A step-by-step tutorial for implementing Transformer architectures from scratch in PyTorch.
🚧 This code is under rapid development. 方法及模型正在快速补充中。 🚧
- 阅读代码,理解模型结构的理论实现
- 根据代码中的提示,尝试实现模型结构
- 对比
solutions目录下的代码,检查代码是否正确
- Read the code for each architecture, understand its theoretical basis.
- Try to implement the code with the hint in the code.
- Compare your implementation with the provided solution.

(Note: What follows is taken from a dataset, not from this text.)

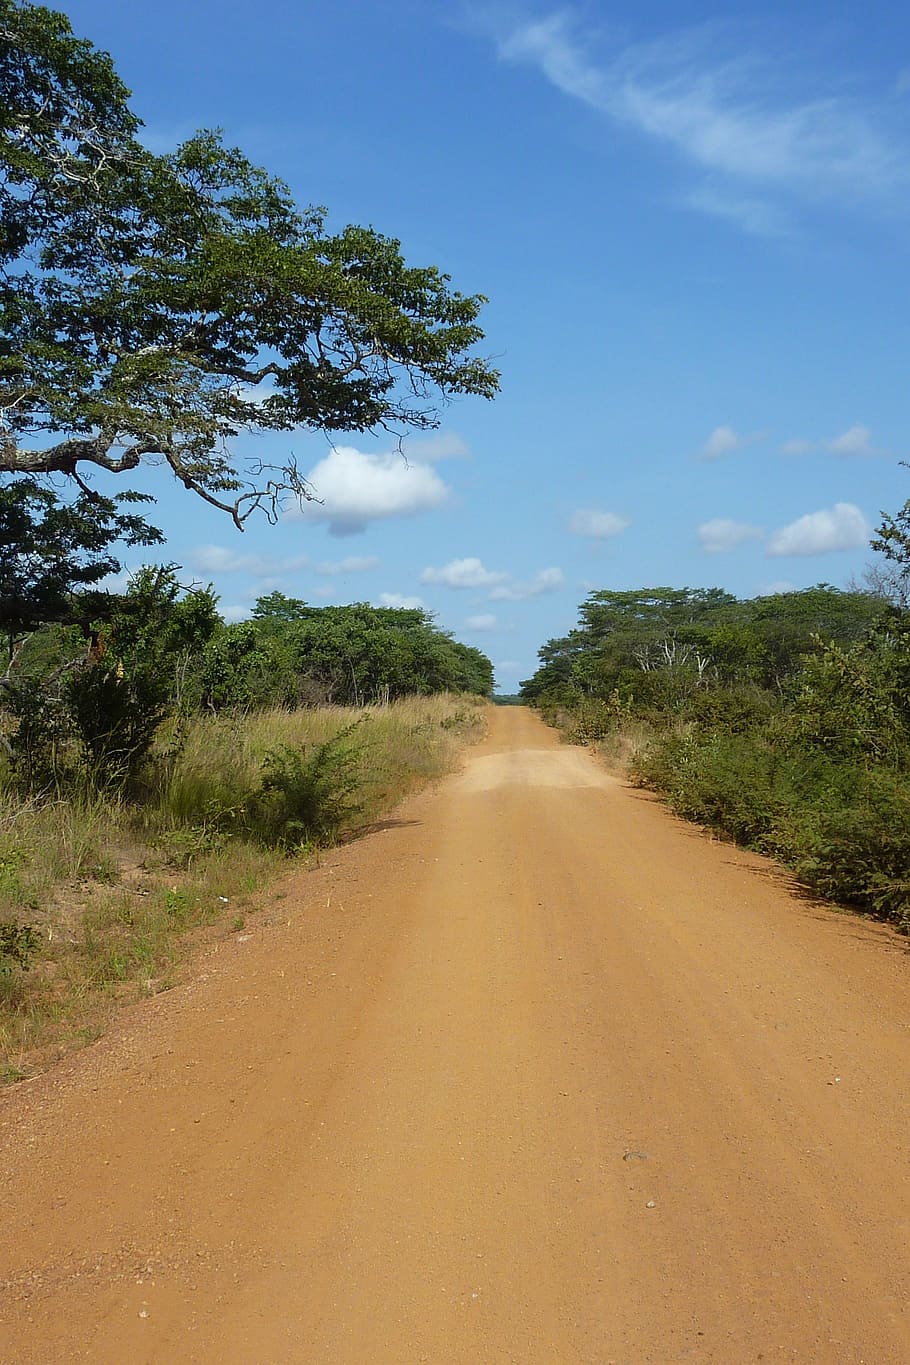 Tanzânia, estrada, poeira, céu, árvore, árvores, areia, o caminho a seguir, direção, plantar

This repository provides detailed, well-documented implementations of Transformer architectures. Each implementation includes:
- 📝 Step-by-step explanations
- 💡 Detailed comments for every key component
- 🔍 Mathematical derivations where necessary
- ⚡ Working examples and demonstrations
transformer_from_scratch/
├── vanilla_transformer/ # 经典 Transformer 结构
│ ├── attention.py # 注意力机制实现
│ ├── encoder.py # 编码器实现
│ ├── decoder.py # 解码器实现
│ └── transformer.py # 完整模型
│
├── attention_variants/ # 注意力机制变体
│ └── linear_attention # 线性注意力
│
├── efficient_transformer/ # 轻量级/高效架构
│ └── performer # Performer
│
├── vision_transformer/ # 视觉 Transformer
│ ├── vit # Vision Transformer
│ └── swin # Swin Transformer
│
└── SOLUTIONS # 答案
| Architecture | Paper | Original Repo |
|---|---|---|
| Vanilla Transformer | Attention Is All You Need | tensorflow/tensor2tensor |
| Vision Transformer | An Image is Worth 16x16 Words | google-research/vision_transformer |
| Swin Transformer | Hierarchical Vision Transformer | microsoft/Swin-Transformer |
| Linear Attention | Transformers are RNNs | idiap/fast-transformers |
| Performer | Rethinking Attention with Performers | google-research/performer |
| EfficientViT | EfficientViT | microsoft/EfficientViT |
Contributions are welcome! Please feel free to:
- Add new implementations
- Improve existing explanations
- Suggest new architectures
This project is licensed under the MIT License - see the LICENSE file for details.